River in the western United States

The Yellowstone River is a tributary of the Missouri River, approximately 671 mi long, in the Western United States. Considered the principal tributary of the upper Missouri, via its own tributaries it drains an area with headwaters across the mountains and high plains of southern Montana and northern Wyoming, and stretching east from the Rocky Mountains in the vicinity of Yellowstone National Park. It flows northeast to its confluence with the Missouri River on the North Dakota side of the border, about 25 mi west of Williston.

== Etymology ==
The name is widely believed to have been derived from the Minnetaree Indian name Mi tse a-da-zi (Yellow Rock River) (Hidatsa: miʔciiʔriaashiish). Common lore recounts that the name was inspired by the yellow-colored rocks along the Grand Canyon of the Yellowstone, but the Minnetaree never lived along the upper stretches of the Yellowstone. Some scholars think that the river was instead named after yellow-colored sandstone bluffs on the lower Yellowstone.

The Cheyenne, who lived in the areas of present-day Billings and Yellowstone County, called it Mo'éheo'hé'e (also Yellow Rocks River). The Crow, who lived along the upper Yellowstone in southern Montana, called it E-chee-dik-karsh-ah-shay (Elk River). Translating the Minnetaree name, French trappers in the area referred to the river as Roche Jaune (Yellow Rock), a name adopted by ethnic American, French and other European mountain men until the mid-19th century.

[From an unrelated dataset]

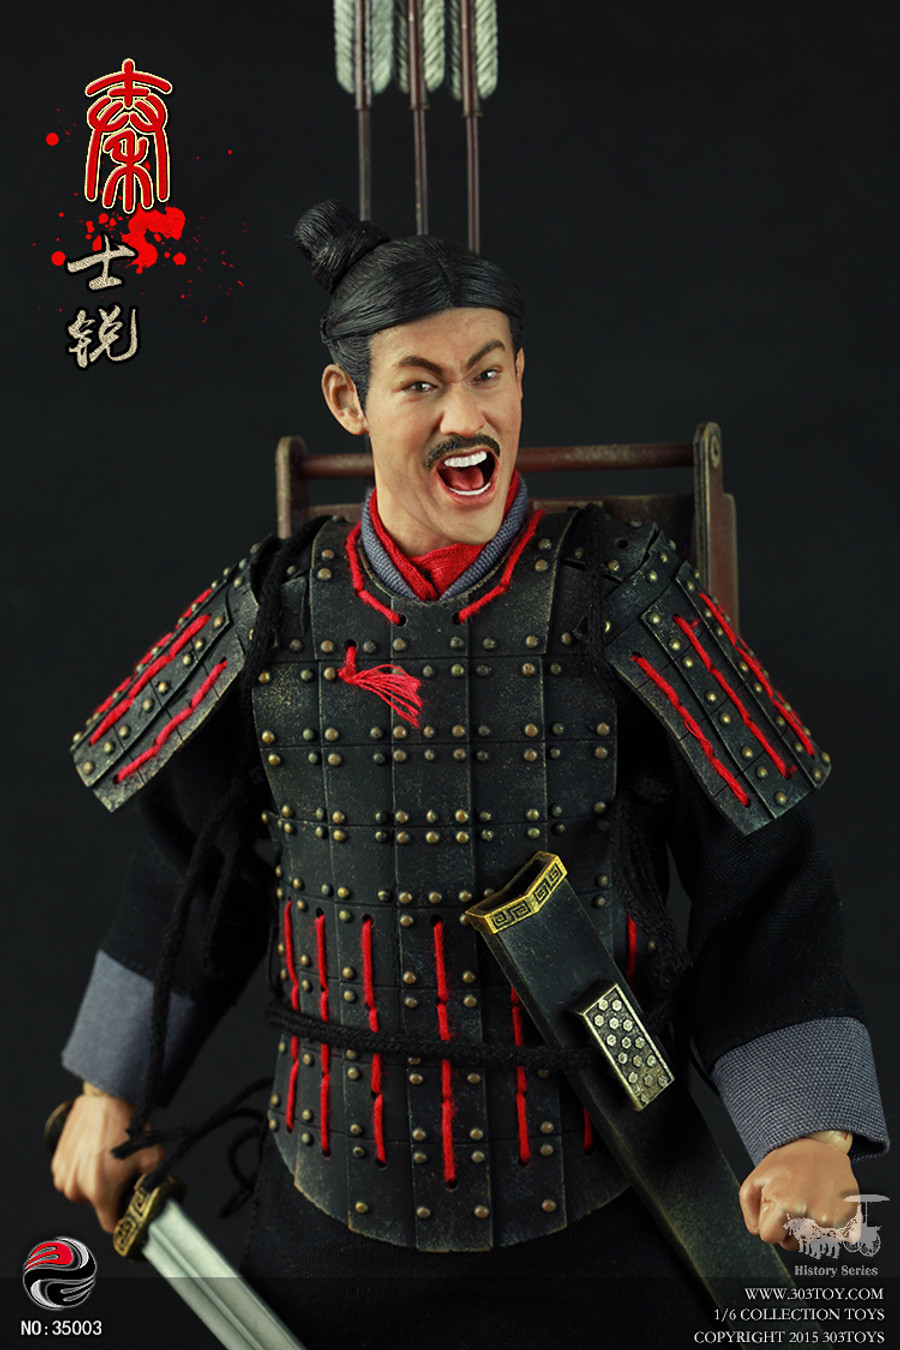 303 Toys - Qin Soldiers Sharp (China Qin Dynasty soldiers)

Independently, Lewis and Clark recorded the English translation of Yellow Stone for the river after they encountered the Minnetaree in 1805. With expanding settlement by English-speaking people from the United States, the English name eventually became the most widely used. The river was explored in 1806 by William Clark as the Lewis and Clark Expedition returned east from the Pacific Coast. The Clark's Fork of the river was named after him.

Most of the natural features of the Yellowstone Valley not already named by Lewis and Clark were named by pioneer steamboat captain Grant Marsh. Marsh was selected by the Army for an exploratory expedition in 1873 on his riverboat Key West. The team was commanded by Brevet Brig. Gen. George Alexander Forsyth. Marsh kept a detailed log during the journey. The names he bestowed were recorded by an expedition representative of the War Department and applied to official maps; they include the following:

- Forsyth Butte, named in honor of Forsyth, commander of the expedition.
- Cut Nose Butte, Chimney Rock, and Diamond Island, for their resemblance to these objects.
- Seven Sisters Islands, in remembrance of Captain Marsh's seven sisters.
- Crittenden Island, for General T. L. Crittenden, who commanded the 17th Infantry, which was garrisoned at posts along the Missouri River.
- Mary Island, for the chambermaid on the Key West, wife of the steward, "Dutch Jake."
- Reno Island, for Major Marcus A. Reno, of the 7th Cavalry.
- Schindel Island, for Major M. Bryant, commanding the escort for the Key West.
- Edgerly Island, for Lieutenant W. S. Edgerly of the 7th Cavalry.
- Monroe Island, for Captain Marsh's brother, Monroe Marsh.
- DeRussy Rapids, for Isaac D. DeRussy, later lieutenant-colonel of the 14th Infantry.
- McCune Rapids (later misspelled "McKeon" on maps), for one of Marsh's longtime friends in St. Louis.
- Barr's Bluff, for another Marsh friend.
- Stanley's Point, for the colonel of the 22nd Infantry.
- Sheridan's Buttes, for Lt. Gen. Philip Sheridan.

==Watershed==
The Yellowstone River watershed is a river basin spanning 37,167 sqmi across Montana, with minor extensions into Wyoming and North Dakota, toward headwaters and terminus, respectively. The Yellowstone Basin watershed contains a system of rivers, including the Yellowstone River, and four tributary basins: the Clarks Fork Yellowstone, Wind River and Bighorn River, Tongue River, and Powder River. These rivers form tributaries to the Missouri River. The actual headwaters of the Yellowstone River occur in high alpine terrain in the east-southeast reaches of Wyoming's Teton Wilderness Area near its boundary with the Washakie Wilderness Area.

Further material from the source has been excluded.